In our generic topical prescription drug business, we face competition from other generic drug manufacturers and brand-name pharmaceutical companies through authorized generics. Although there are a significant number of competitors in the generic drug market, there are fewer competitors in the topical generic drug market. The five dominant companies in the topical generic drug market are: Perrigo Company, Sandoz (the generic pharmaceutical division of Novartis AG), Taro Pharmaceutical Industries, Ltd., Mylan N.V., and Teva Pharmaceutical Industries, Ltd. We believe the concentrated nature of the topical generic drug market creates an opportunity for us to be able to compete based on a variety of factors, including our focus on niche opportunities within the market segment and our dedication to quality in every area of our business.
In our generic injectable prescription drug business, we also face competition from other generic drug manufacturers and brand-name pharmaceutical companies through authorized generics. Although there are a significant number of competitors in the generic drug market, there are fewer dominant competitors in the injectable generic drug market. The five dominant companies in the injectable generic drug market in the United States consist of Grifols USA, Fresenius Kabi USA, Pfizer, Par and Hikma. In Canada, we face competition from largely the same firms as in the United States as well as certain Canada-only firms. The Canadian generic injectable market is dominated by Sandoz (the generic pharmaceutical division of Novartis AG), Pfizer Injectables and Fresenius Kabi Canada.

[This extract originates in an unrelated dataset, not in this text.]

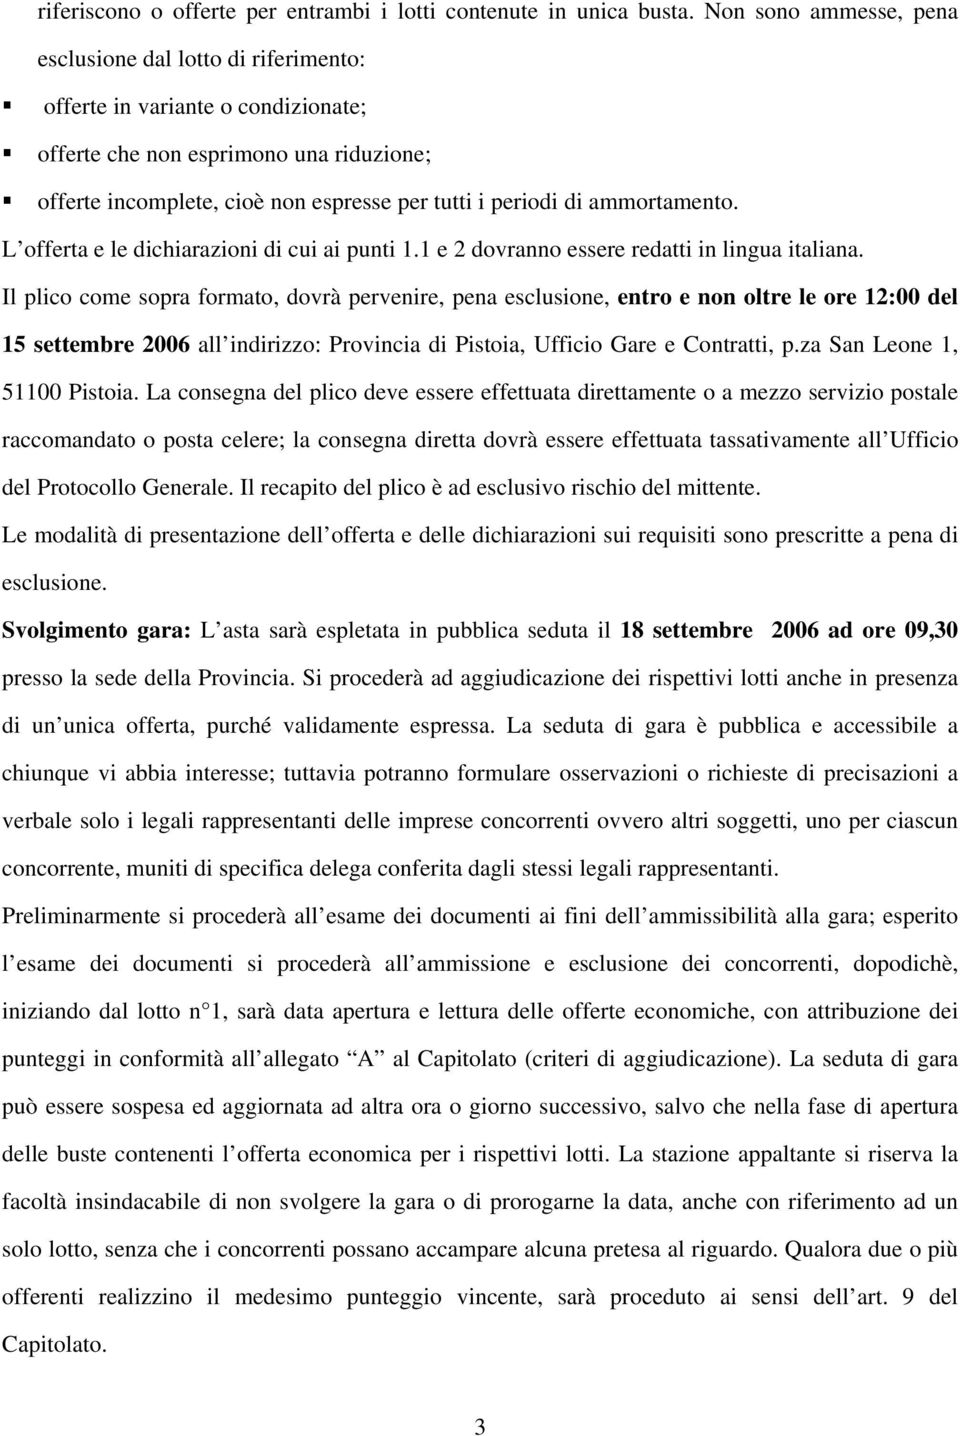 ammortamento. L offerta e le dichiarazioni di cui ai punti 1.1 e 2 dovranno essere redatti in lingua italiana.

Our generic injectable strategy is focused on injectable products with limited competition, and products that have a history of lack of supply, or instability in the supply chain, where we can add value and leverage on our ability to be a reliable supplier to the marketplace. We believe the concentrated nature of some molecules within the injectable generic drug market, and history of lack of supply of certain molecules in the marketplace, create opportunities for us that we believe
will enable us to compete based on a variety of factors, including our focus on niche opportunities within the market segment and our dedication to quality in every area of our business.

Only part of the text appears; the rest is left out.